Anaerobic metabolism leads to the formation of lactic acid and the development of metabolic acidosis. Hydrogen ions produced by ATP hydrolysis are no longer consumed in aerobic ATP production, exacerbating this acidosis. Serum bicarbonate decreases as it buffers excess acid, leading to an increased anion gap.
Despite an ample oxygen supply, cells cannot utilize oxygen because of their poisoned electron transport chain. This functional (or "histotoxic”) hypoxia is particularly deleterious to the cardiovascular and central nervous systems (especially the basal ganglia).

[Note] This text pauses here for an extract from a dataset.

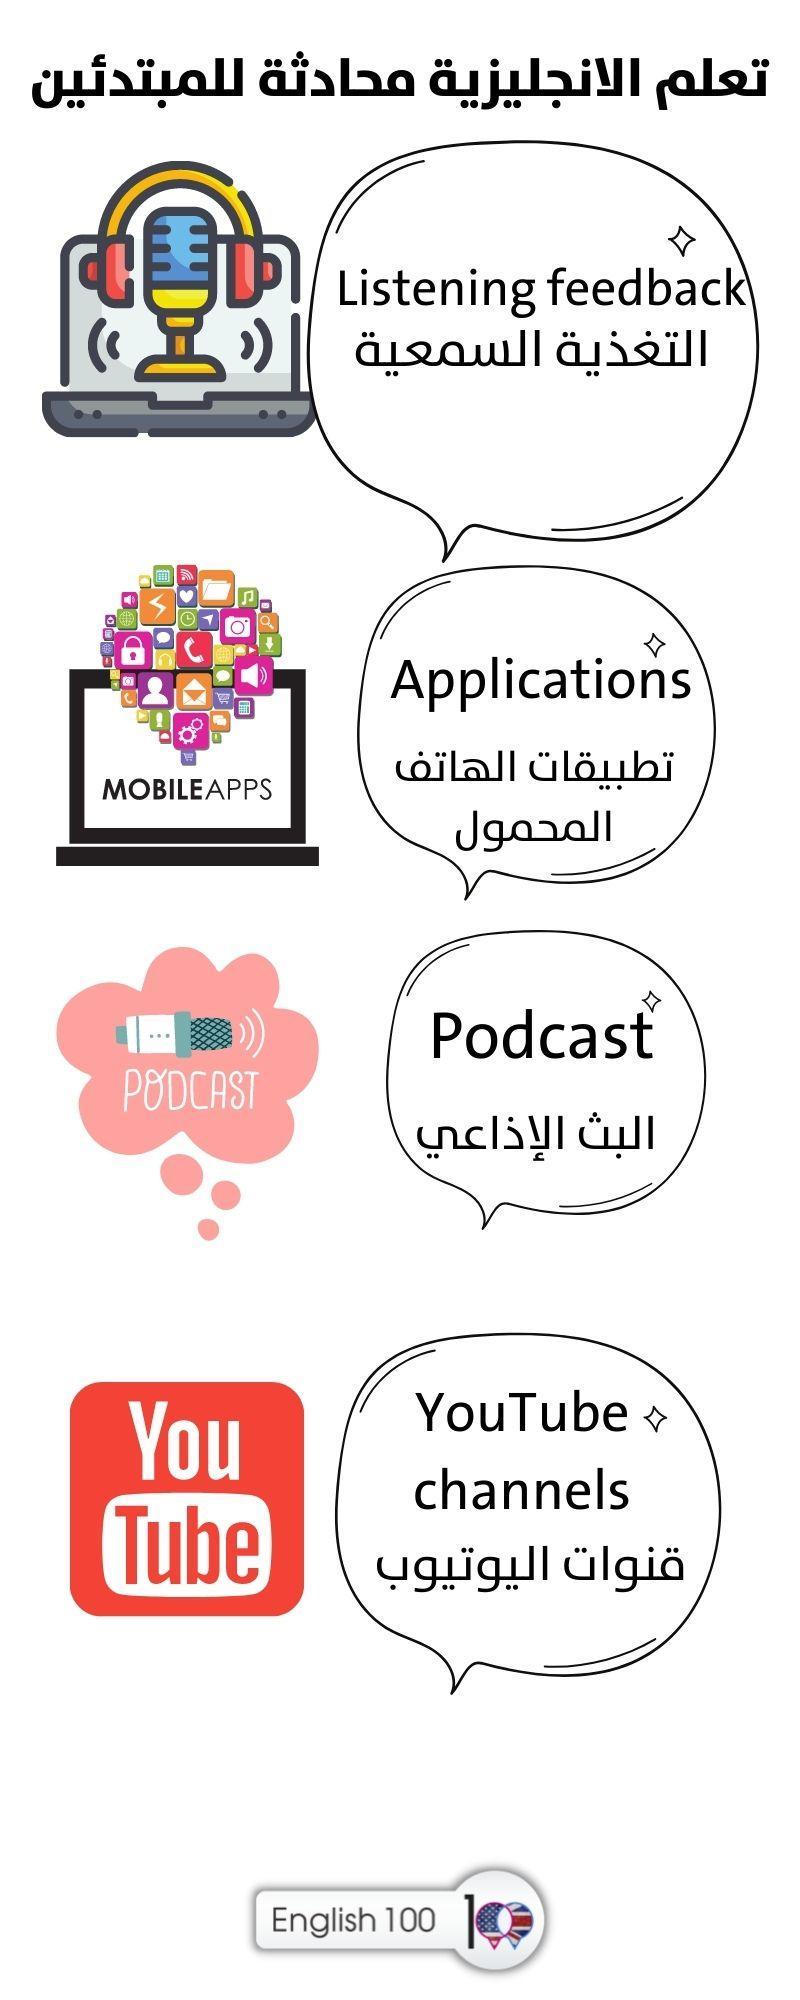 تعلم الانجليزية محادثة للمبتدئين Learn English Conversation for _Beginners_

Because of the decreased utilization of oxygen by tissues, the venous oxyhemoglobin concentration will be high, making venous blood appear bright red.
Therefore, despite hypotension, apnea, and/or bradycardia, the patient does not usually appear cyanotic in the setting of cyanide poisoning.
Clinical features:
Central nervous system toxicity is the most prominent in cyanide toxicity – Headache, anxiety, confusion, vertigo, coma, seizures.
Which should you suspect cyanide poisoning?
Victims of fires
Reported ingestions
Treatment with sodium nitroprusside
Antidote:
Hydroxocobalamin
Sodium thiosulfate
Nitrites (to induce methemoglobinemia)
That's all!
-IkaN
Fell in love with this post!
ReplyDeleteSo beautifully explained.
Thanks Ikan for such wonderful posts
You're most welcome love :)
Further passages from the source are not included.